Takács Quartet open UC Presents season with supreme artistry

Sat Oct 13, 2018 at 2:19 pm

By Lawrence A. Johnson

The Takács Quartet performed music of Haydn, Shostakovich and Brahms Friday night at Mandel Hall.

When the great chamber groups play, every composer seems like their specialty.

Such was the feeling with the Takács Quartet’s return to town Friday night at Mandel Hall. In addition to opening the 75th season of concerts for the University of Chicago Presents, the event marked the 20th anniversary of the ensemble’s debut in the Hyde Park series.  

The Takács Quartet, now in its 44th season, has long been associated with music of Beethoven and the romantic 19th century repertory. But on Friday the group proved just as illuminating and convincingly at home with Shostakovich as in the flanking works by Haydn and Brahms.

The concert also marked the first Takács appearance in Chicago since Harumi Rhodes joined the quartet as second violinist earlier this year. (Cellist András Fejér is the only remaining founding member of the all-Hungarian original lineup.)

One of the remarkable things about the Takács Quartet is how it has maintained its distinctive European sound over more than four decades, even with the changes in personnel. The ensemble’s sonority remains lean, refined and technically immaculate, able to turn on a dime effortlessly even in the most rapid-fire changes of tempo and dynamics.

Haydn’s Quartet in D major, Op. 20, no. 4, opened the evening and made a fine calling card to evaluate the group’s new configuration. The players brought a light, aptly quicksilver touch to Haydn’s first movement, underlining the music’s quirky charm. First violinist Edward Dusinberre expressively rendered the slow movement’s long theme, the ensuing variations unfolding with a somber, flowing inevitability.

The rhythmic bonhomie and light caprice of the Menuetto provided fine contrast, with cellist Fejér especially inspired. The finale was wholly delightful–fleet and stylish with Haydn’s bursts of speedy virtuosic runs and dynamic flips ricocheting between the players, who tossed off the throwaway coda with side-armed flair.

Rhodes—the daughter of longtime Juilliard Quartet violist Samuel Rhodes—appears to have quickly integrated into the existing lineup. She played with alert attention to her colleagues, bringing a bit of extra fire and intensity without stepping out of stylistic bounds or overwhelming group balances.

Dmitri Shostakovich’s Fourth Quartet (1949) is something of an outlier in his set of fifteen works in the genre. With three of the four movements marked Allegretto, the work eschews the hair-raising extremes of tempo and dynamics that so often characterize the composer’s quartets.

But even within that superficially moderated structure there is much that is striking and unsettling.

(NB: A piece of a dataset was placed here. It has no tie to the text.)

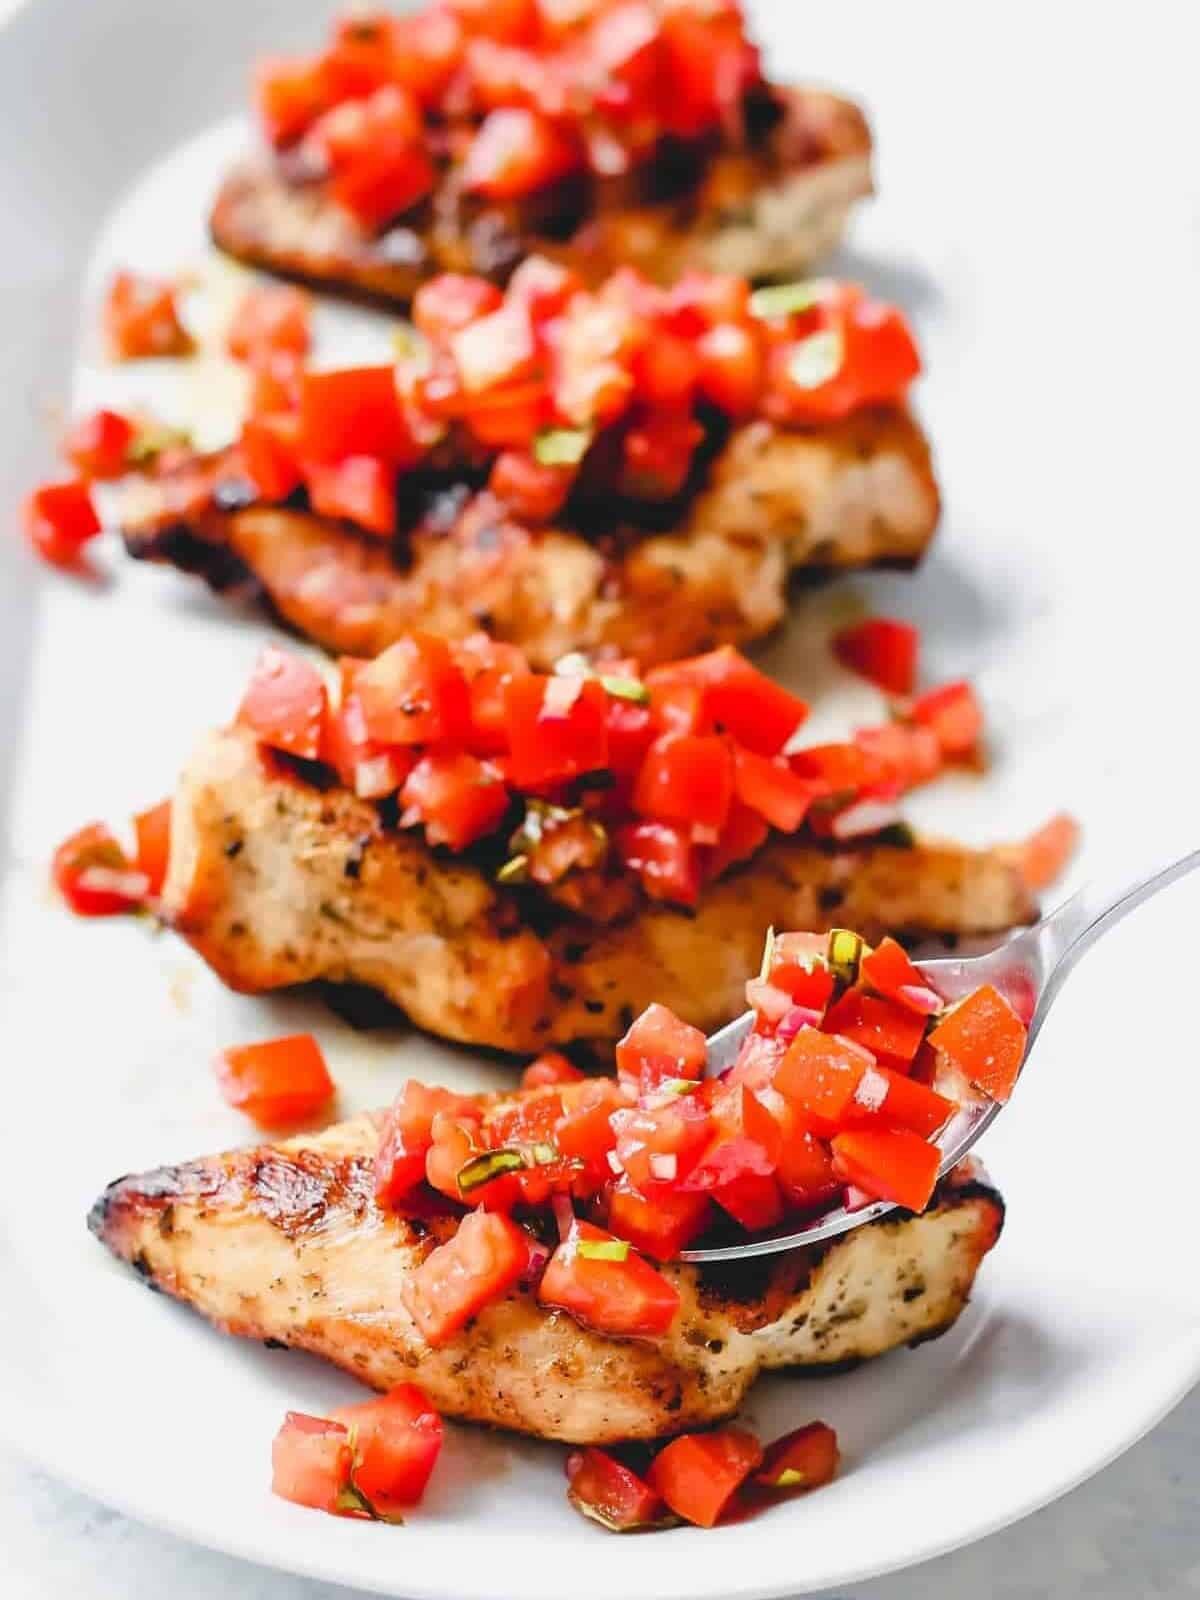 grilled chicken breasts with bruschetta topping on a serving plate

The first movement opens with a twisting, Middle-Eastern-sounding theme like a muezzin call to prayer that builds in intensity and recedes. The lyricism of the second theme provides minimal relief.

The Andantino offers one of those plaintive, winding themes so typical of Shostakovich. This music brought some of the finest playing of the evening with Dusinberre’s violin ascending ever higher and the gentle repose of the full quartet failing to dispel the sense of unease.

Geraldine Walther’s burnished, oaky viola anchored the heavy dance rhythm of the third movement. As so often when the composer mines a Jewish air there was a sense of defiance in the finale, conveyed as surely by the Takács musicians as the resignation of the coda, a long cello solo fading to black against soft pizzicatos.

Music of Brahms closed the program with the Quartet in A minor. Here too, the Takács members were fully inside the music, conveying the easy-going grace as much as the assertive drama with polish and flexibility. Perhaps the Andante could have benefited from a greater raptness of expression, but the players put across the mercurial swings of the finale in supreme style.

Warm and enthusiastic applause followed, but the group was not through yet. Takács closed the evening with a generous encore of Anton Webern’s Langsamer Satz, rendered with just the right degree of poised melancholy and fin-de-sicle nostalgia. 

Posted in Performances


2 Responses to “Takács Quartet open UC Presents season with supreme artistry”

  1. Posted Oct 14, 2018 at 10:31 am by Larry Wheeler

    Excellent and illuminating review. Congrats to Takács.

  2. Posted Oct 14, 2018 at 9:31 pm by Plush

    Thank you for this great review. I do believe that they are the top quartet working today.